Indian School of Business
Forecasting Sales for Dairy Products
Contents EXECUTIVE SUMMARY .............................................................................................................................. 3
Data Analysis ............................................................................................................................................. 3
Forecast Horizon: ...................................................................................................................................... 4
Forecasting Models: .................................................................................................................................. 4
Fresh milk - AmulTaaza (500 ml) ........................................................................................................... 4
Dahi/ Yogurt - Saras (200 gm) ............................................................................................................... 4
Dahi/Yogurt - Yakult Probiotic (350 ml) : .............................................................................................. 4
Assumptions .............................................................................................................................................. 5
Conclusions and Recommendations ......................................................................................................... 5
TECHNICAL ANALYSIS ................................................................................................................................ 6
Data Preparation: .................................................................................................................................. 6
Class: Fresh Milk; Item Description: AmulTaaza 500 ml ..................................................................... 6
Class: Dahi and Yoghurt; Item Description: SarasDahi 200gm ............................................................. 6
Class: Dahi& Yogurt; Item Description: Yakult Probiotic Drink ............................................................. 7
Appendix 1: Technical Details - Class: Fresh Milk; Item Description: AmulTaaza 500 ml ........................ 8
Appendix 2: Technical Details - Class: Dahi and Yoghurt; Item Description: SarasDahi 200gm ............. 11
Appendix 3: Technical Details - Class: Dahi& Yogurt; Item Description: Yakult Probiotic Drink ............ 15
EXECUTIVE SUMMARY
Retailers face a formidable challenge of ensuring that they have optimum levels of inventory for goods
that are perishable. This is because these goods have short shelf life without any salvage value and can
hurt the profitability of the retailers significantly. It therefore becomes critical for the retailers to know
accurate forecasts for perishable items such as fresh milk and yoghurt. These subclasses also drive
footfall into the retail stores and hence it is important to maintain high levels of service for these
products.
We have chosen to forecast unit sales for two product classes - Fresh Milk and Dahi-Yoghurt. The
rationale behind choosing these 2 product classes is that typically sales of these product classes would
have correlation and henceforth provide additional insights.
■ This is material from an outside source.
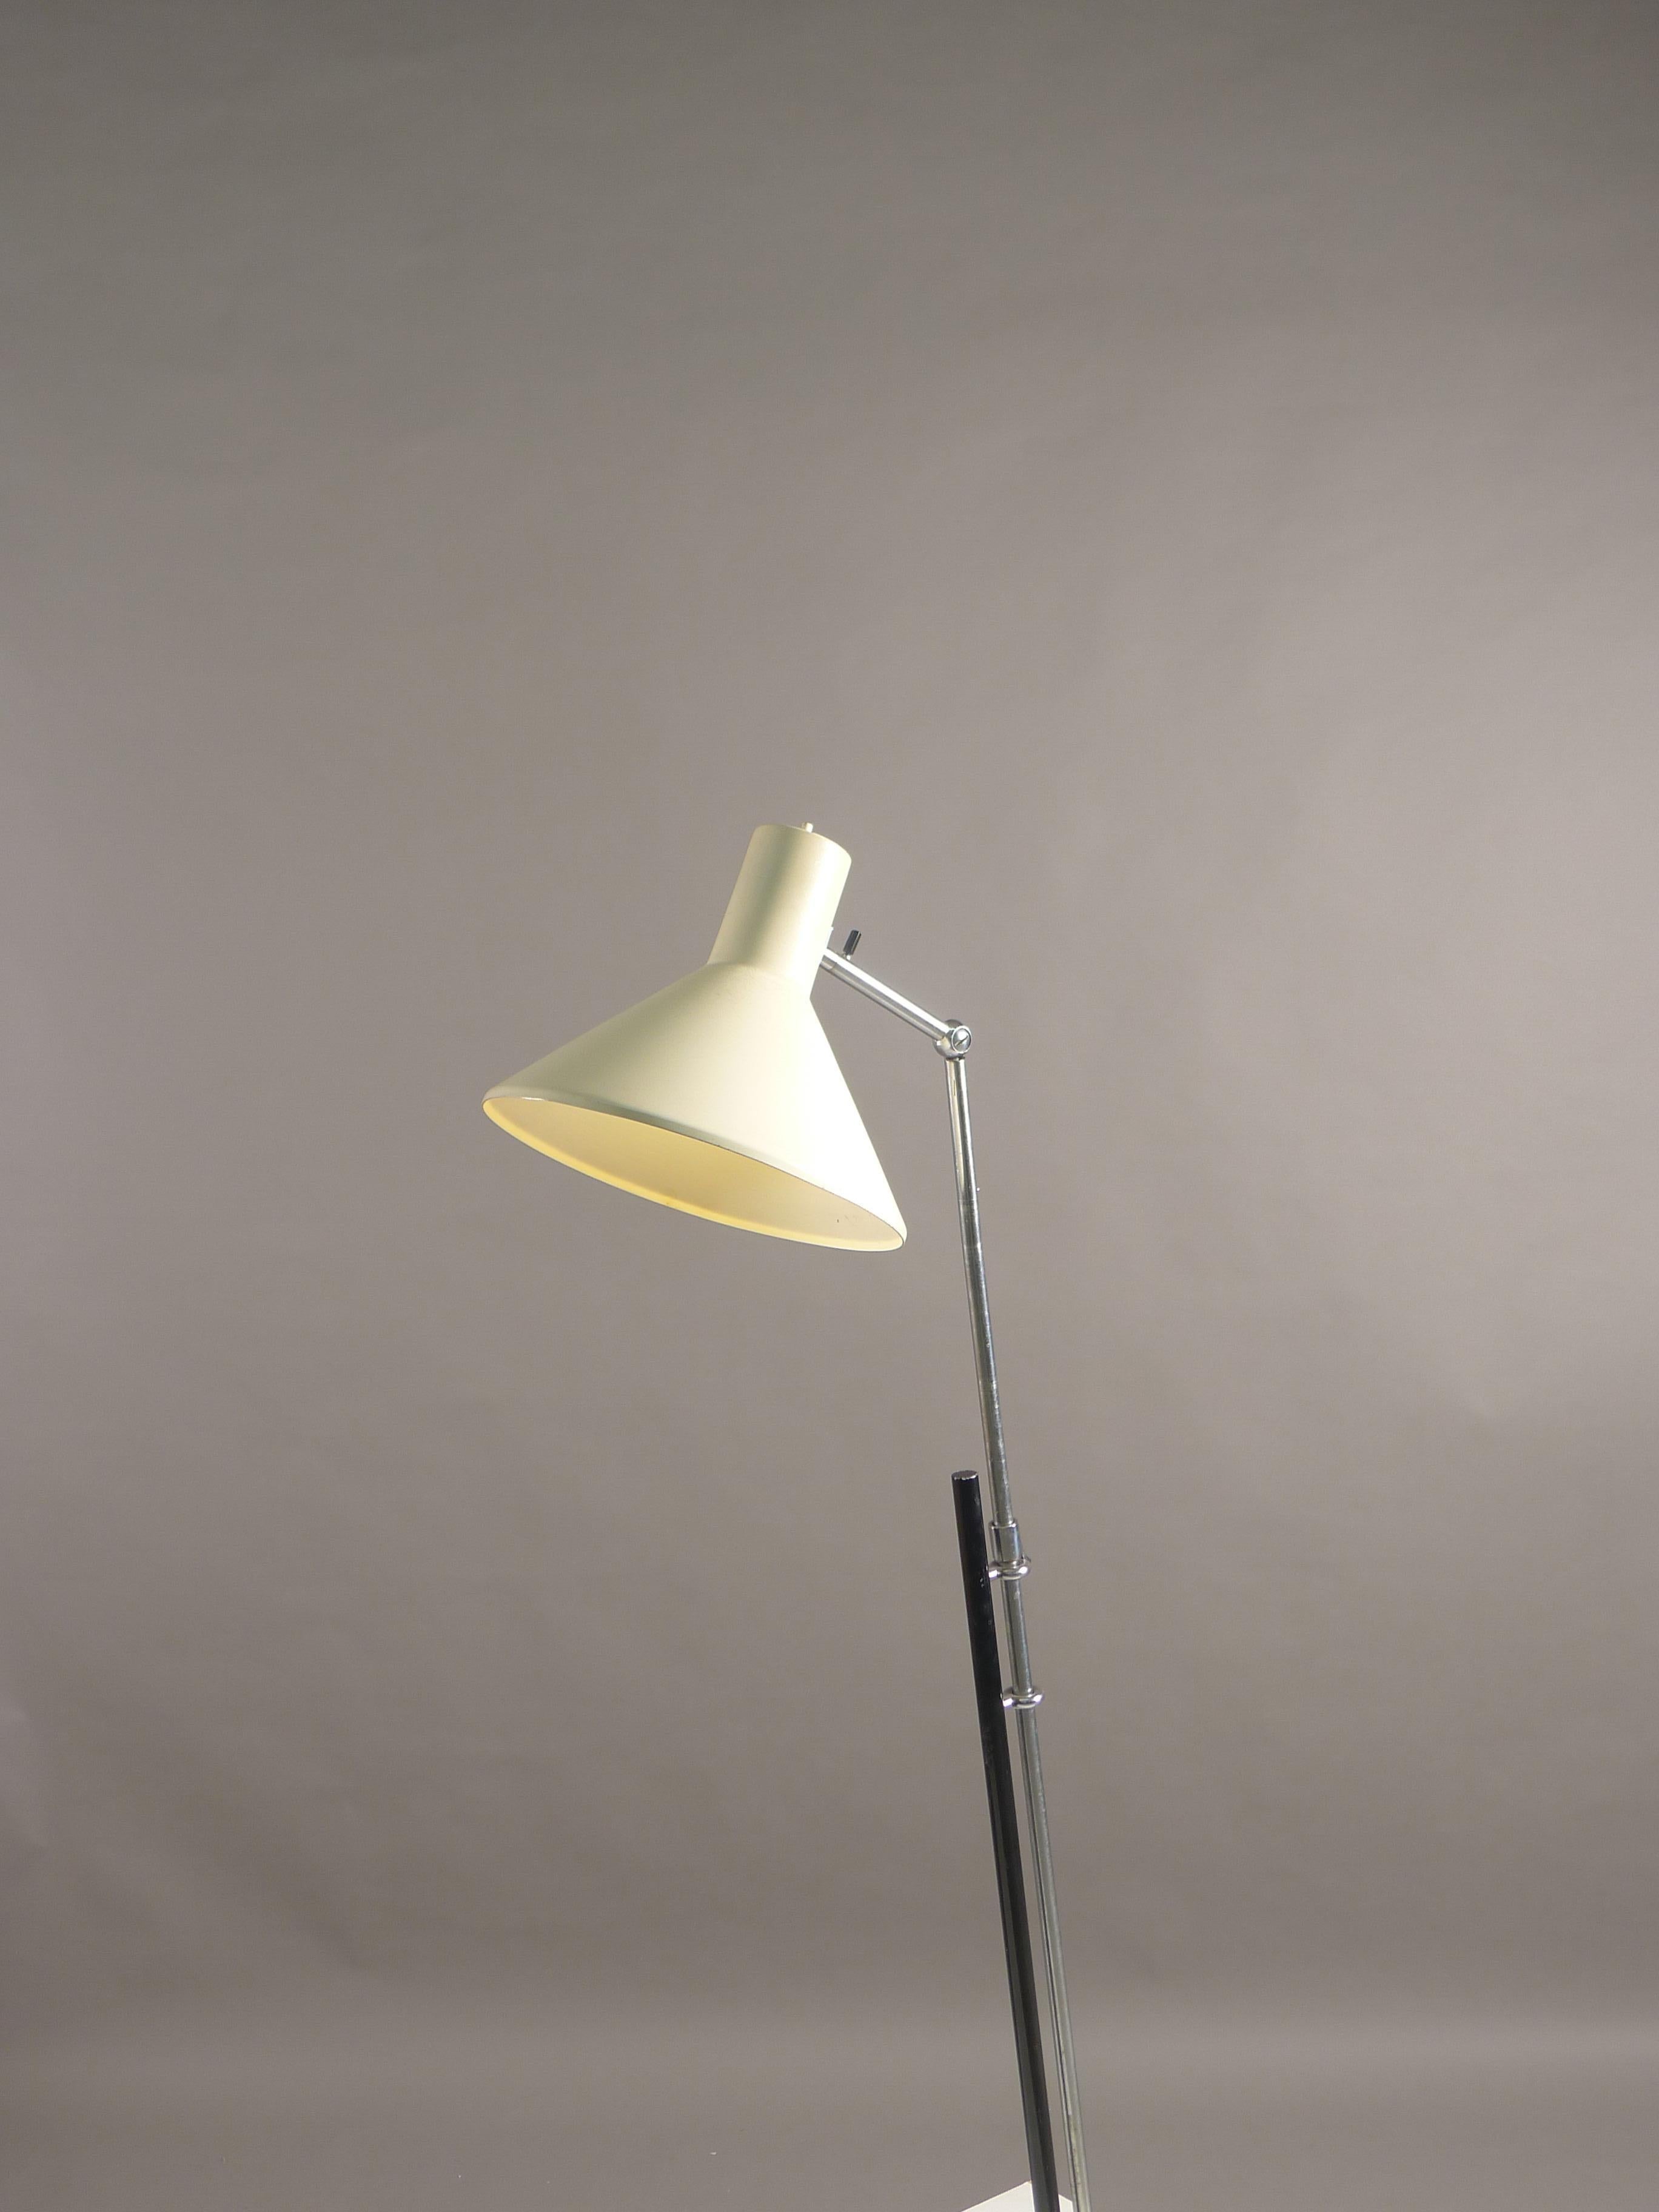 Mid-Century Modern Gino Sarfatti for Arteluce , Italy , model 1045 Floor Lamp circa 1948 .   For Sale

The sales data available from retail store for “Yakult Probiotic drink 325 ml” and “SarasDahi 200gm”
from class “Dahi and Yoghurt” and “AmulTaaza 500 ml” from class “Fresh Milk” is aggregated at a daily,
weekly and monthly level, to visualize any trends or recognizable patterns.
Data Analysis
Daily sales for AmulTaaza go up to 100 units, for SarasDahi up to 80 units and for Yakult Probiotic drink
up to 120 units. There is no consistent increase/decrease in sales figures or seasonal effects observable
during the 13 months of data. Very sharp increase in sales observed on a few days, without any
explainable reason.
The trend of weekly sales shows that sales rise over the weekends and come down during the
weekdays, most probably because more people come to the store on weekends. Sales also rise on
Wednesdays within weekdays.
Monthly sales for AmulTaaza show a decrease in variability as we move from Aug 2011 to Aug 2012. For
Yakult and SarasDahi, monthly sales show jumps up and down without any regular pattern.
Forecast Horizon:
In light of our business proposition for perishable goods, forecasting sales on a daily basis would be most
useful
Forecasting Models:
Fresh milk - AmulTaaza (500 ml)
We have chosen Moving Average (7) as our final forecasting model. After evaluating various methods
such as moving averages for other periods, naive forecastsetc, we decided to go for the MA (7) method
with a MSE of 351.25 on training and MSE of 304.24 on validation.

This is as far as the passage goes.